The data:
-----
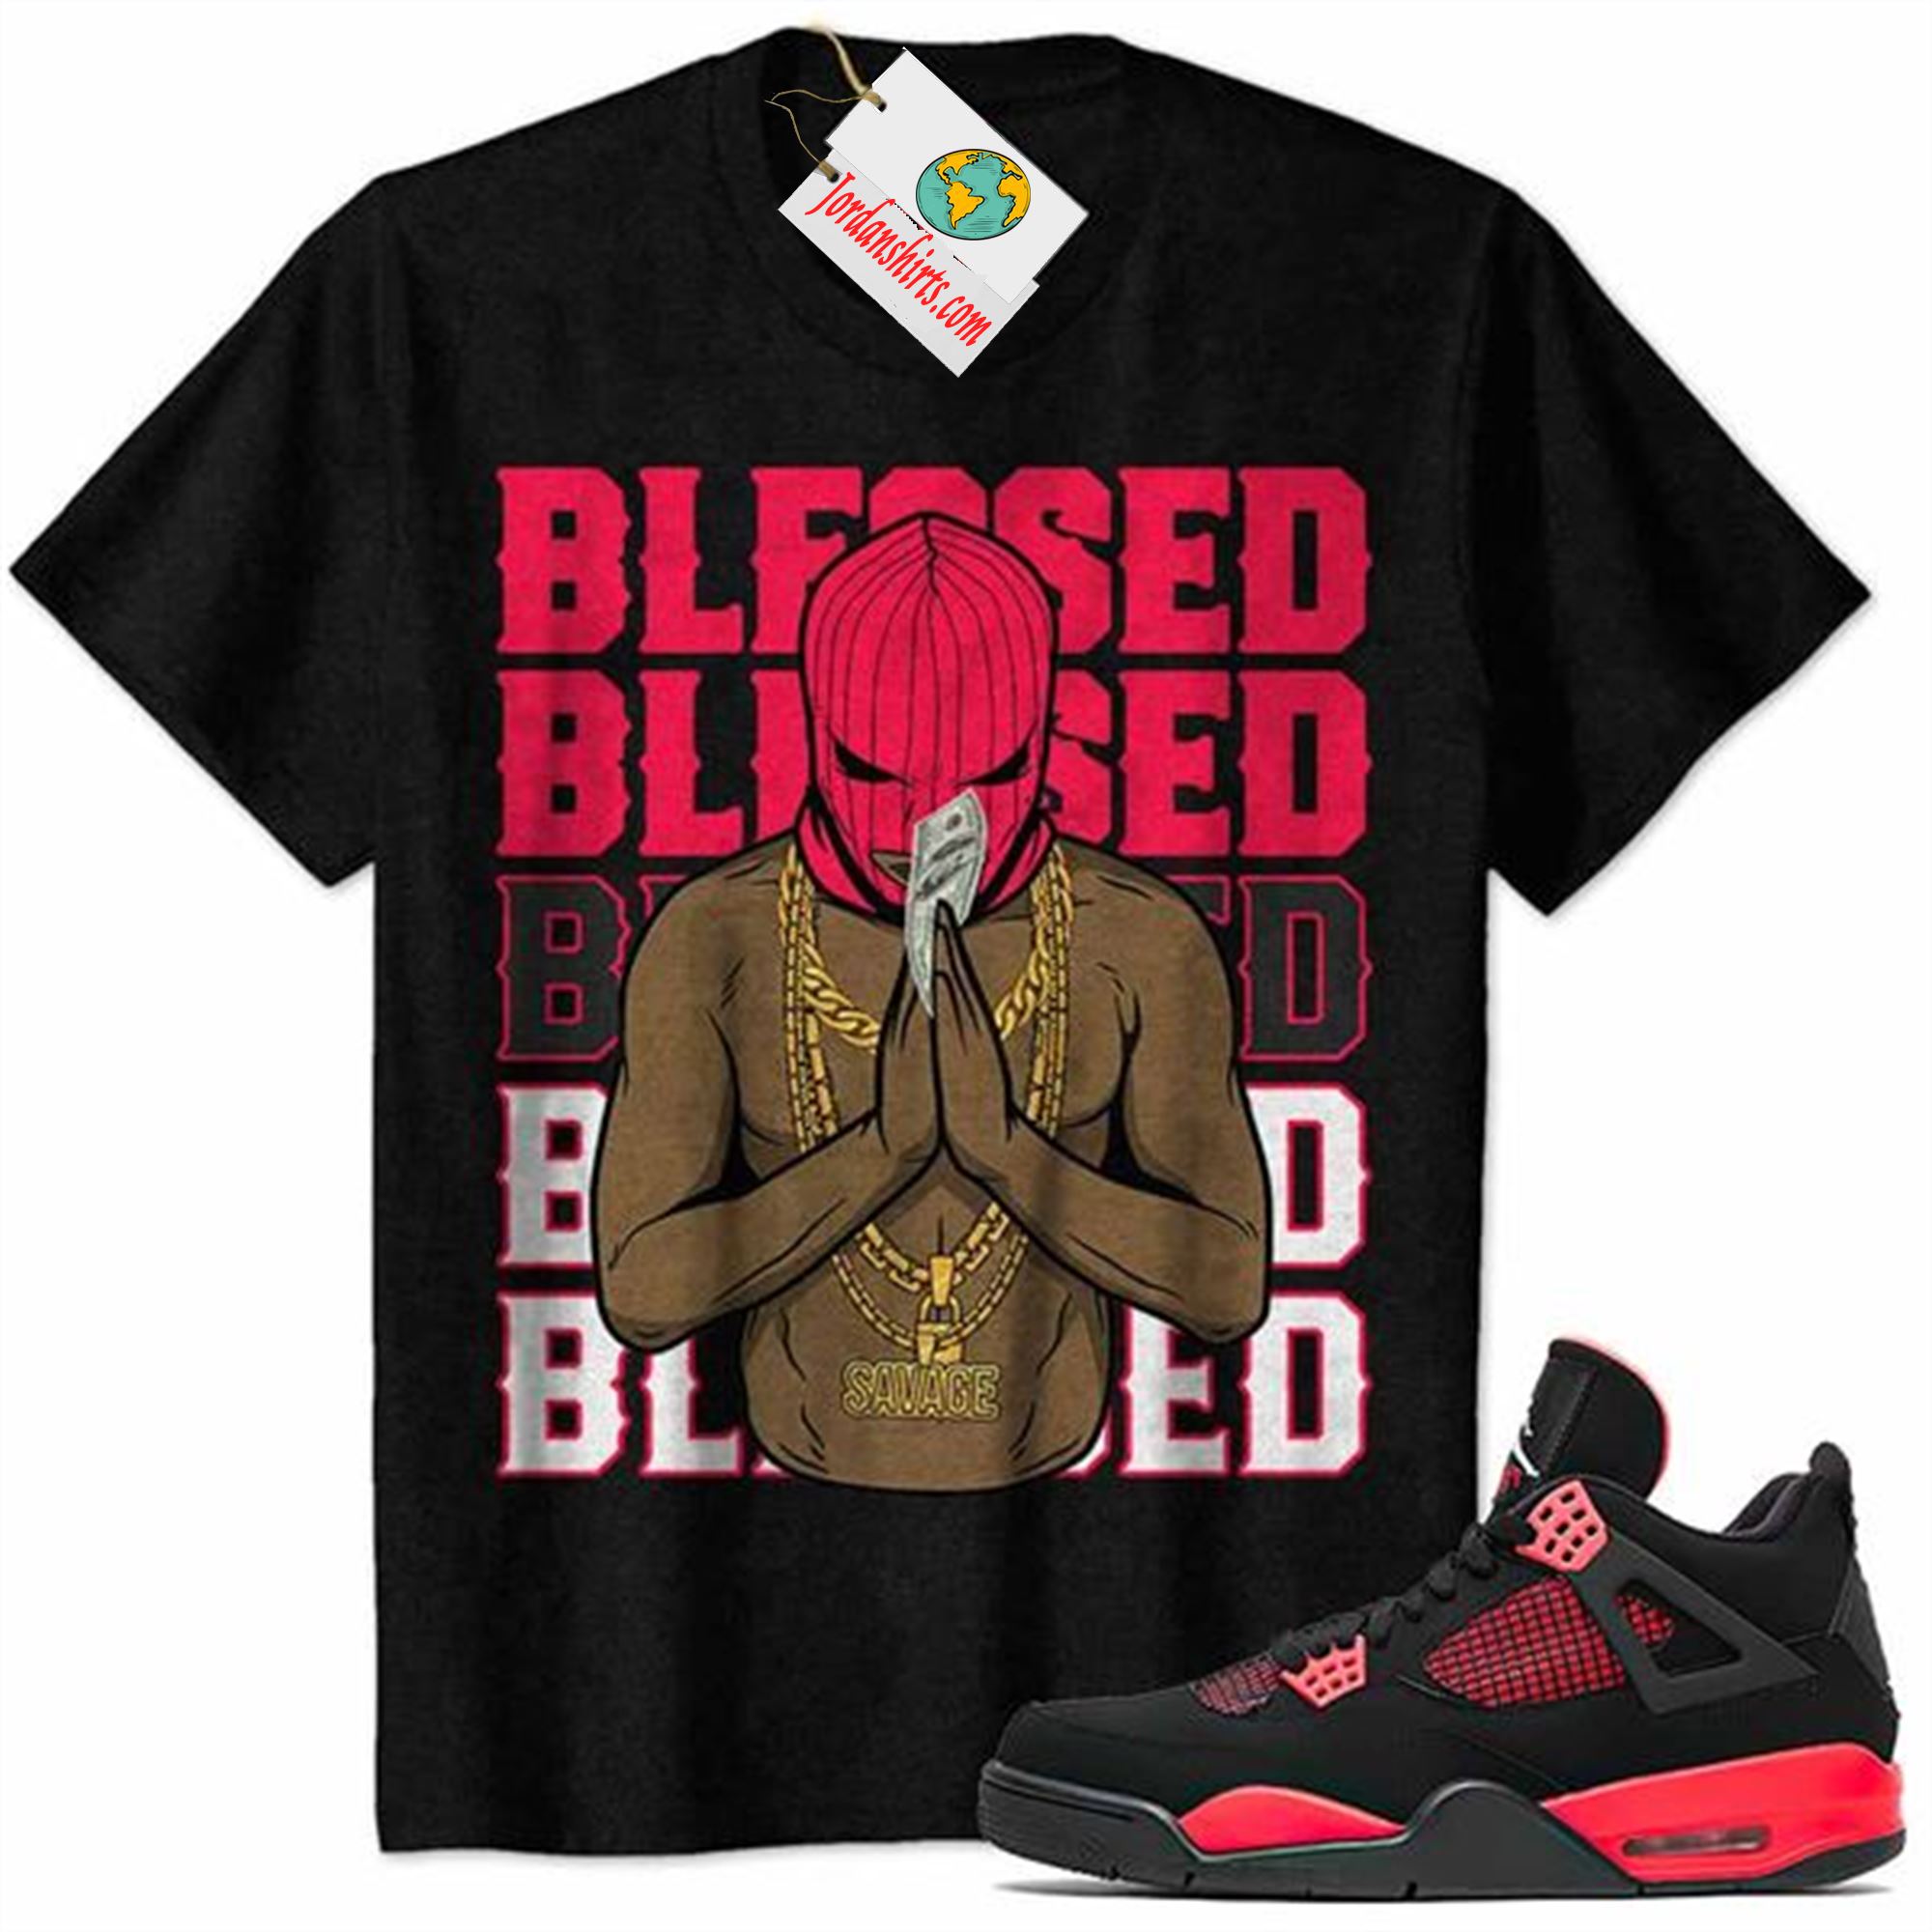 Jordan 4 Shirt, Gangster Ski Mask Man Savage Blessed Black Air Jordan 4 Red Thunder 4s Full Size Up To 5xl
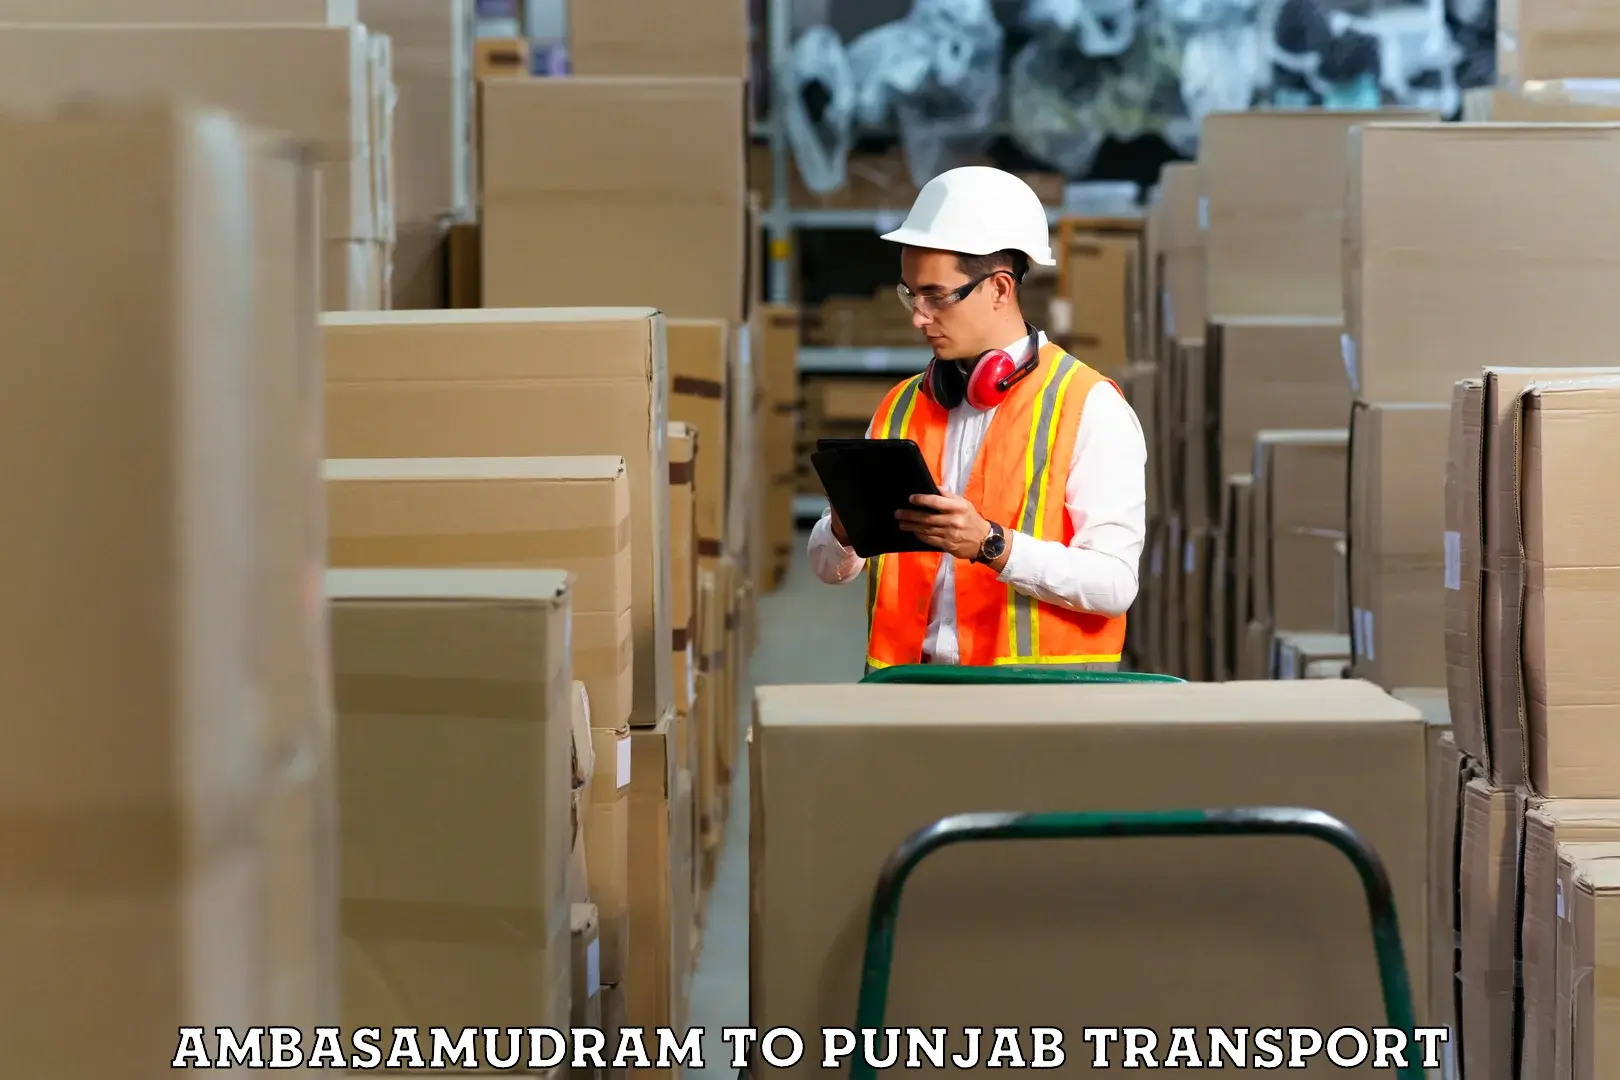 Transportation services Ambasamudram to Punjab
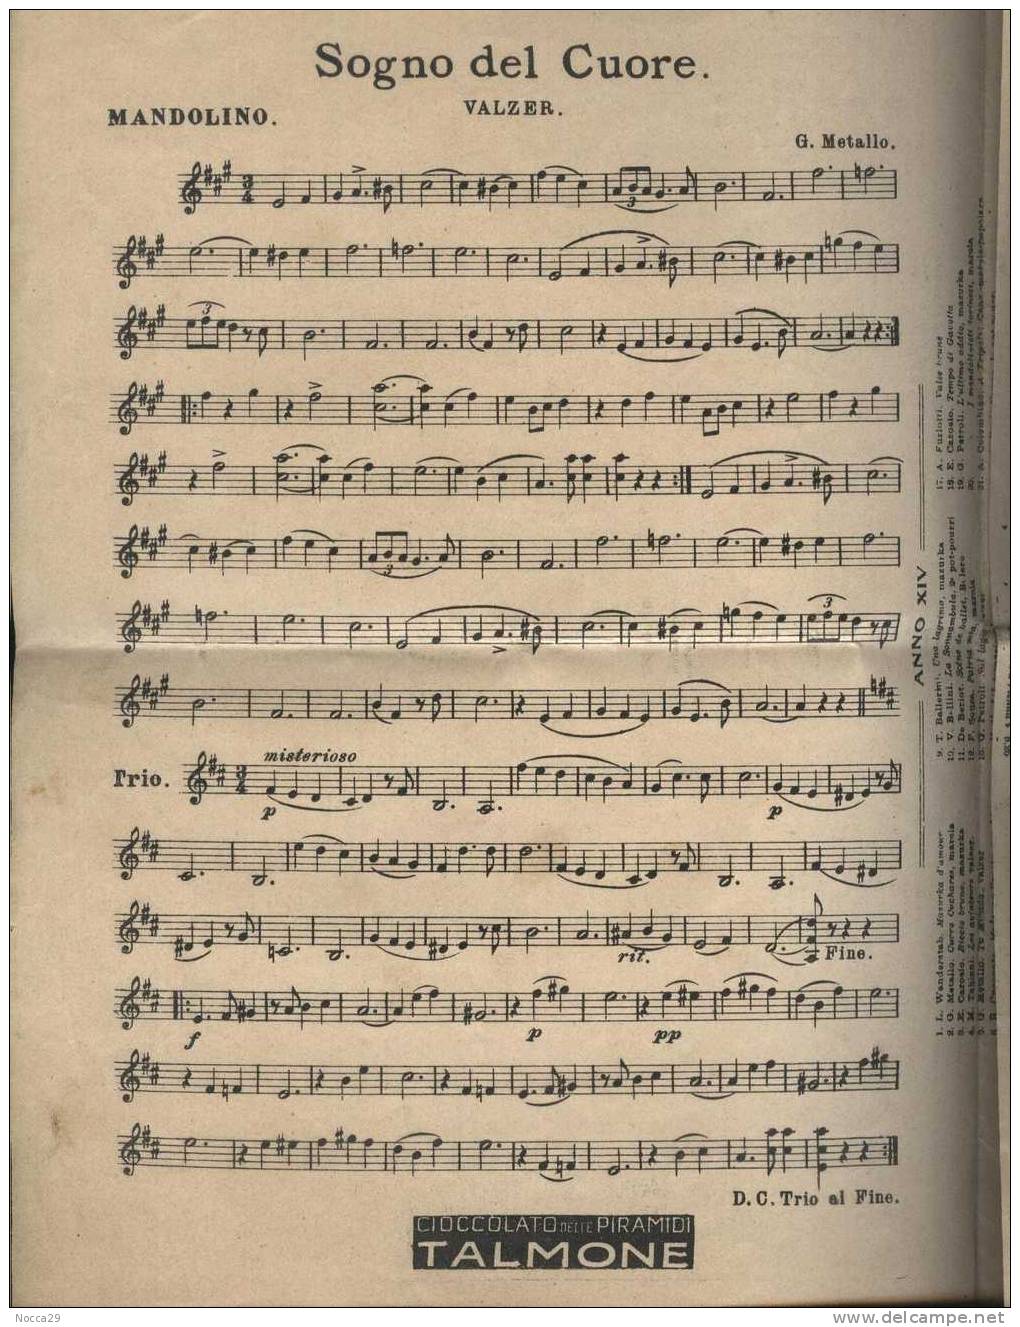 RIVISTA PIEGHEVOLE DEL 1912 IL MANDOLINISTA. MUSICHE PER MANDOLINO E CHITARRA - Música
-----
Work task:
Retype the listing above exactly, please. Pictures do not belong in the copy.

Answer to the exercise:
 Jordan 4 Shirt, Gangster Ski Mask Man Savage Blessed Black Air Jordan 4 Red Thunder 4s Full Size Up To 5xl
 Transportation services Ambasamudram to Punjab
 RIVISTA PIEGHEVOLE DEL 1912 IL MANDOLINISTA. MUSICHE PER MANDOLINO E CHITARRA - Música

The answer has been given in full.